───── DATA ─────

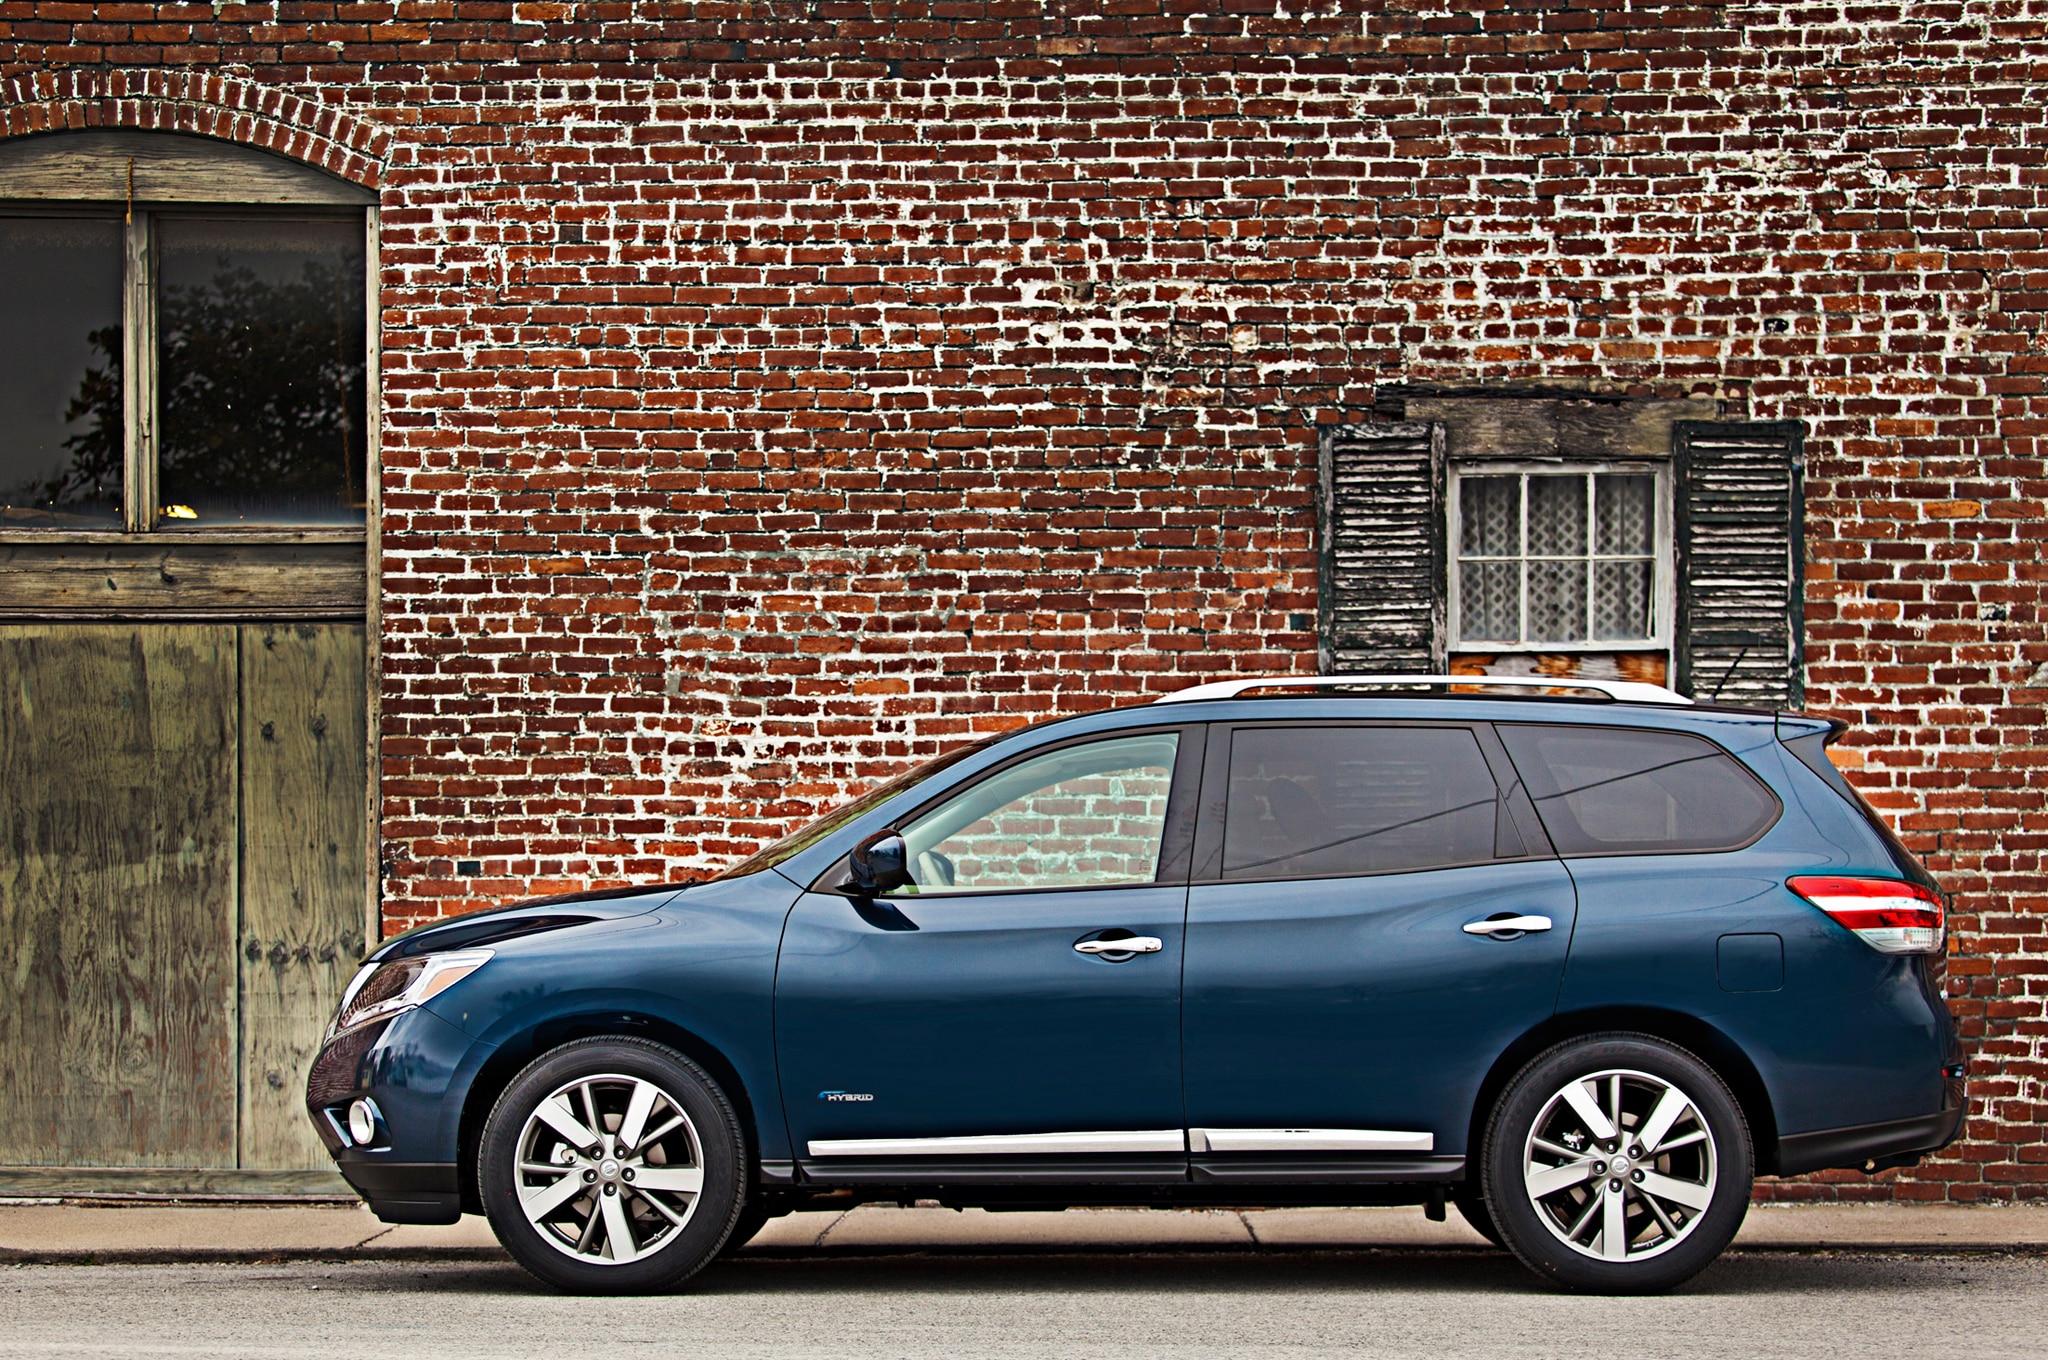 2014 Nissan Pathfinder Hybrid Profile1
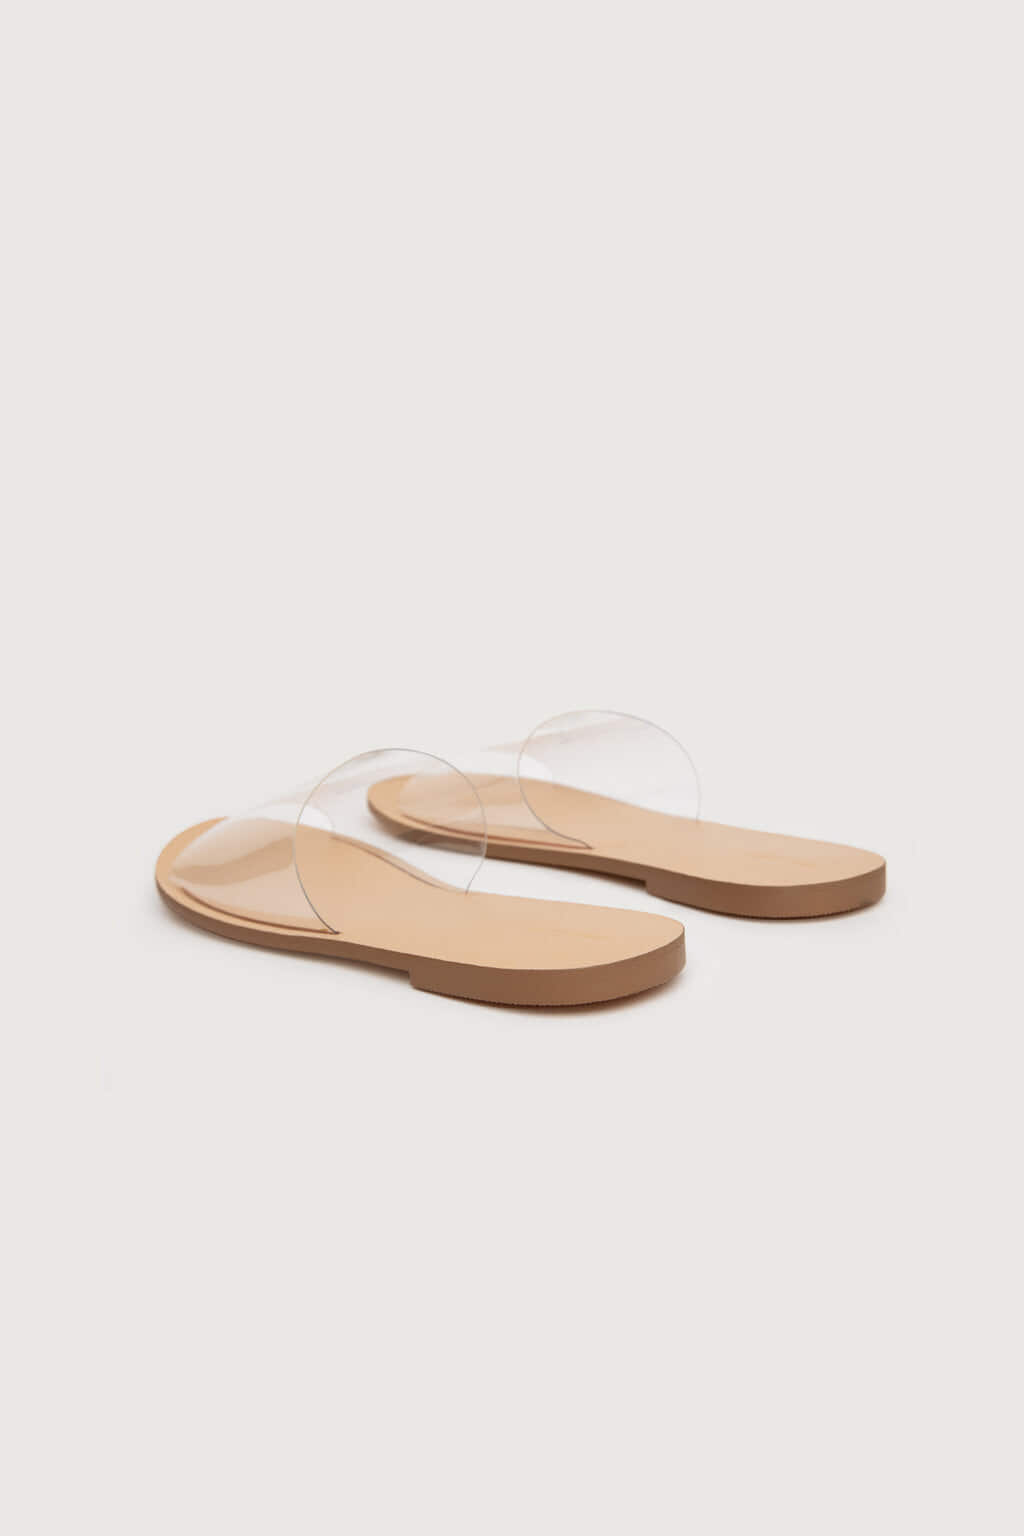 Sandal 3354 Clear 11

─────
───── DATA ─────

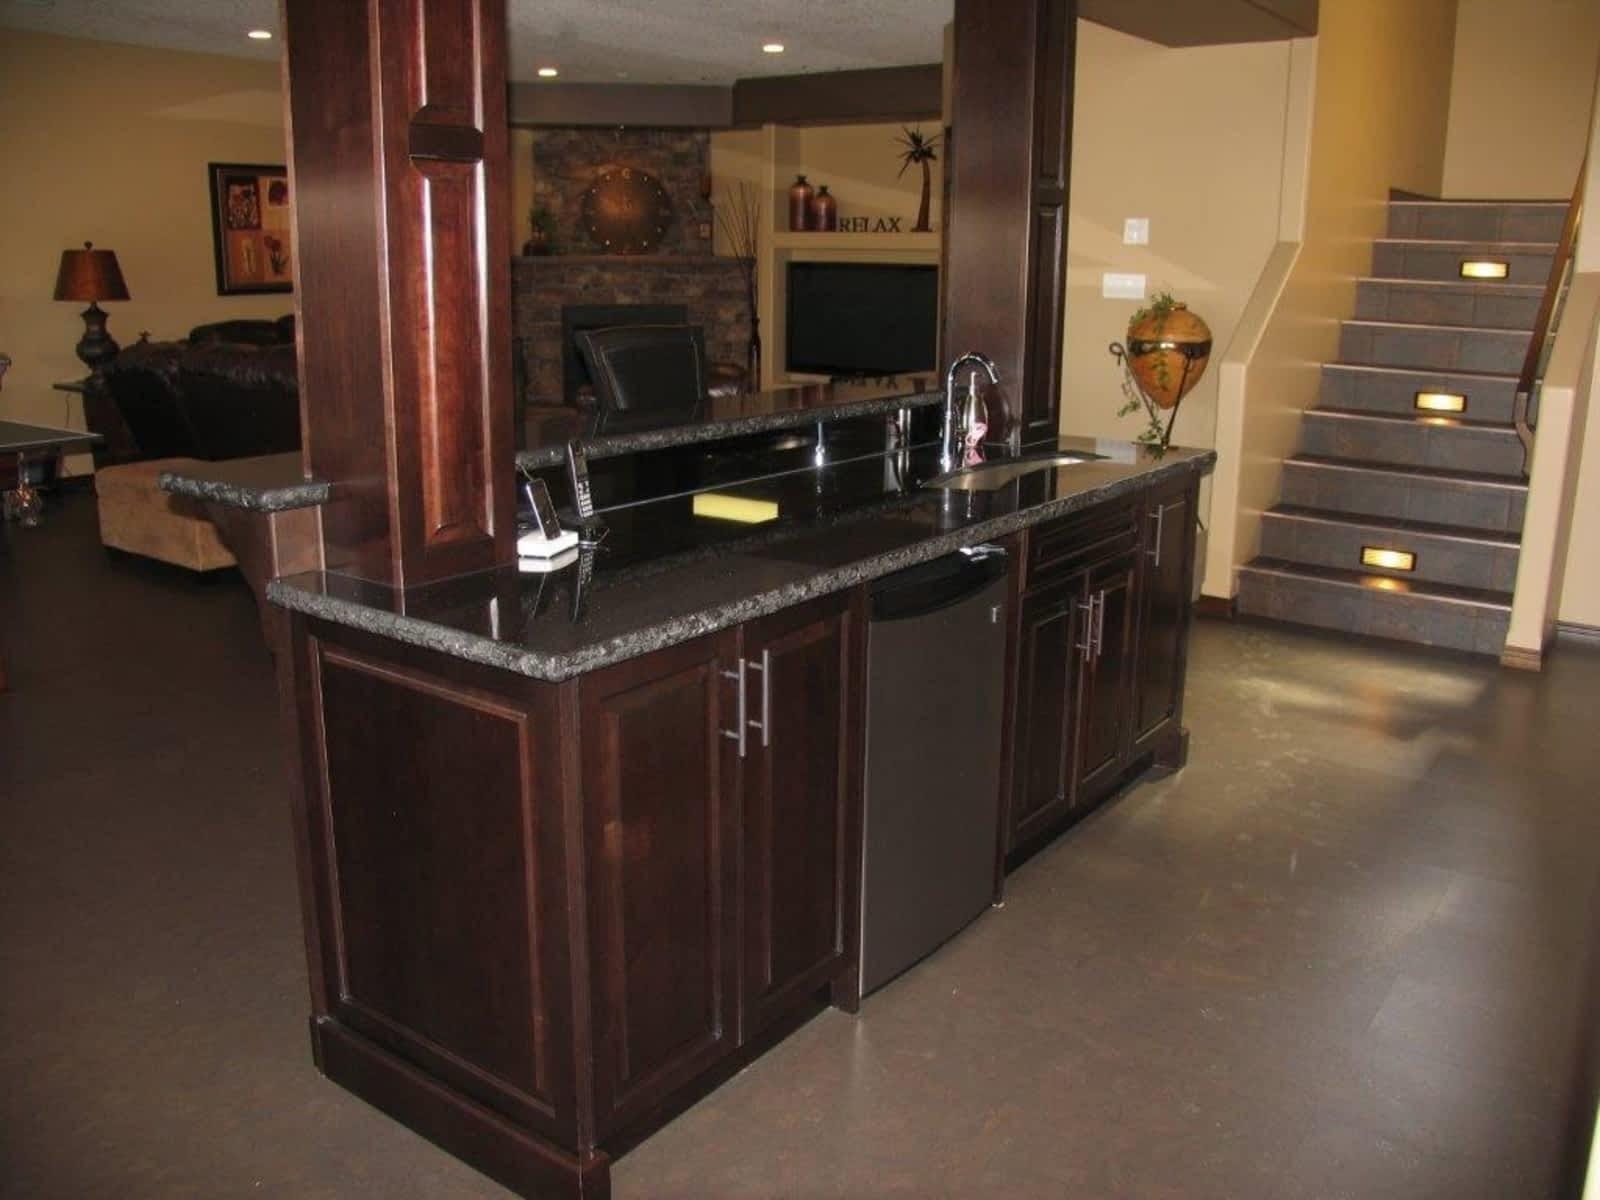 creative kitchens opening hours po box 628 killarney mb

─────

• **WHAT THE TASK ASKS**
In the data above, find the line containing "2014 Nissan Pathfinder Hybrid Profile1" and the line containing "Sandal 3354 Clear 11". Copy exactly the stretch from the first through the second, both included, leaving out any picture.

• **EXERCISE SOLUTION**
 2014 Nissan Pathfinder Hybrid Profile1
 Sandal 3354 Clear 11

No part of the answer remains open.